OJ: calculate the number of integers in 1 & lt; = n & lt; 1e9 that are multiples of 2, 3, and 5. oj1e9

OJ: The principle of exclusion and exclusion calculates the number of integers that are multiples of 2, 3, 5 in 1 <= n <1e9, oj1e9



I recently encountered a question in ACM, the meaning of the question is as follows,

 

Problem Description:

There is a sequence from 1 to n. Count the number that can be divided by 2, 3, 5. For example, when n = 6, there are 2, 3, 4, 5, and 6. These 5 numbers satisfy the condition, so we should output 5.
 

 

 

Enter

    Multiple sets of input to the end of the file, one for each group (n <1e9)
 

Output

    Output corresponding number
 

Sample input
1
     2
     6
 

Sample output
0
     1
     5
 

At first glance, it looks very simple. I wrote the following code without thinking about it.

 

#include <stdio.h>
long long main (void)
{
    long long n, i, flag = 0;
    while (scanf ("% lld", & n))
    {
      for (i = 1; i <= n; i ++)
        if (i% 2 == 0 || i% 3 == 0 || i% 5 == 0)
        flag ++;
        printf ("% lld \ n", flag);
        flag = 0;
    }
}
 

 

 

As soon as the submission time was exceeded, I debugged it on the local compiler.
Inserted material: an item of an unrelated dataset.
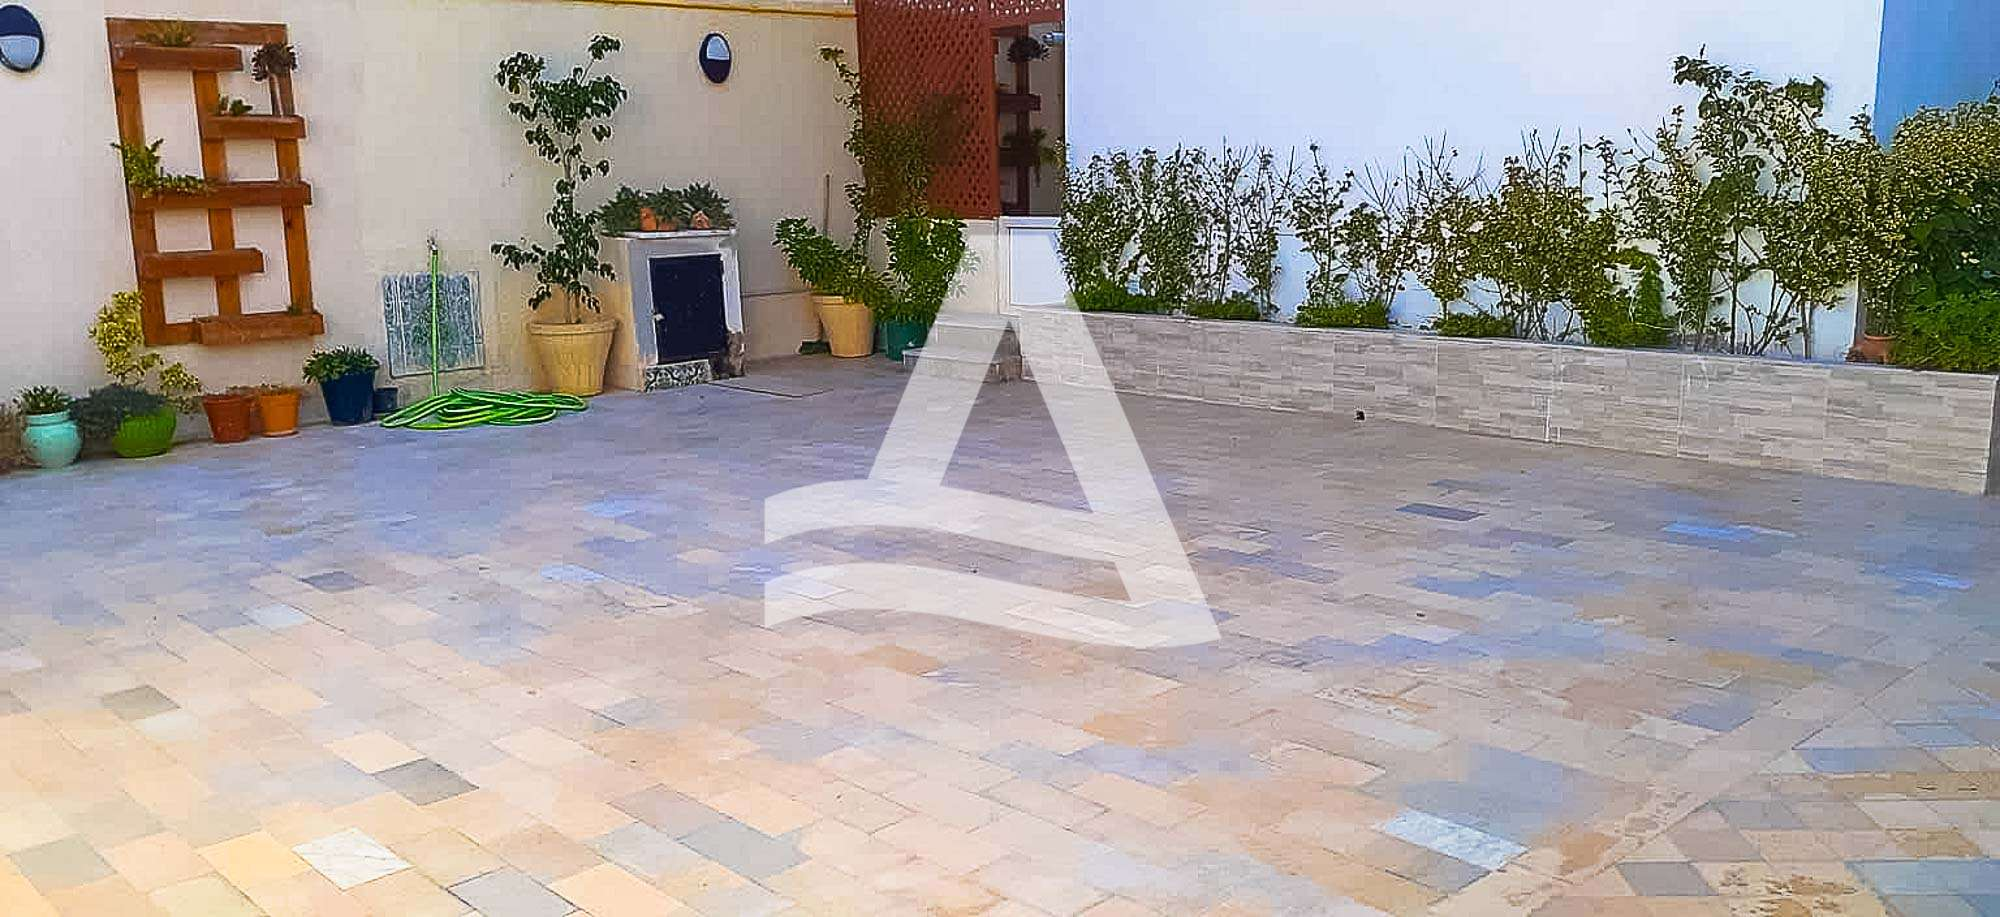 httpss3.amazonaws.comlogimoaws_Arcane_immobilière_la_Marsa-_location_-_vente_la_marsa_1_sur_21_1574354370757-1

After reading the question (n <1e9), I entered 99999999. The result was not calculated for a long time. This must time out. The time limit for the question is 1000 ms Limit is strange.

Since this is not possible, we need to optimize the algorithm. Later, I saw this blog http://blog.csdn.net/u010885899/article/details/48022633 The content of the article is about using the principle of exclusion to calculate 1 <= N which is a multiple of 2, 3, 5, 7 The number of integers.

Inspired by this, Baidu encyclopedia contains the principle of exclusion:

计数 When counting, you must pay attention to no duplication and omissions. In order to prevent the overlapping part from being repeatedly calculated, people have developed a new counting method. The basic idea of this method is: first, regardless of the overlap, first calculate the number of all objects contained in a content, and The number of repeated calculations when counting is excluded, so that the calculation results are neither omitted nor repeated. This method of counting is called the principle of exclusion.

If there are three types of things to be counted, then the sum of the number of elements of types A, B and C = the number of elements of type A + the number of elements of type B + the number of elements of type C-both A It is also the number of elements of type B-both the number of elements of type A and C-the number of elements of both type B and C + the number of elements of both type A and B and type C. (A∪B∪C = A + B + C-A∩B-B∩C-C∩A + A∩B∩C)

From this definition, you can draw scoops according to the gourd.

的 Events divisible by 2 are recorded as class A, events divisible by 3 are recorded as class B, and events divisible by 5 are recorded as class C. The number of integers divisible by 2 3 5 can be expressed as follows: number of elements of type A + number of elements of type B + number of elements of type C-both the number of elements of type A and B-both type B and C Number of class elements — number of both class A and class B elements + number of class A and class B and class C elements (ie number that can be divided by 2 or 3 or 5 = number that can be divided by 2 Dividable number + number that can be divided by 3 + number that can be divided by 5-number that can be divided by 2 3 at the same time-number that can be divided by 2 5 at the same time-number that can be divided by 3 5 + Number that can be divided by 2 3 5 at the same time)

Then you can write the corresponding code

#include <stdio.h>
int main (void)
{
    int n, num;
    int a, b, c;
    int ab, ac, bc;
    int abc;
    while (scanf ("% d", & n))
    {
        a = n / 2;
        b = n / 3;
        c = n / 5;

        ab = n / (2 * 3);
        ac = n / (2 * 5);
        bc = n / (3 * 5);

        abc = n / (2 * 3 * 5);

        num = a + b + c-ab-ac-bc + abc;
        printf ("% d \ n", num);
    }
}
 

 

 

 Submit. Bingo is no problem. I also tested it locally. If the input is slightly larger than 1 e 9, the calculation result will be less than 1000 ms.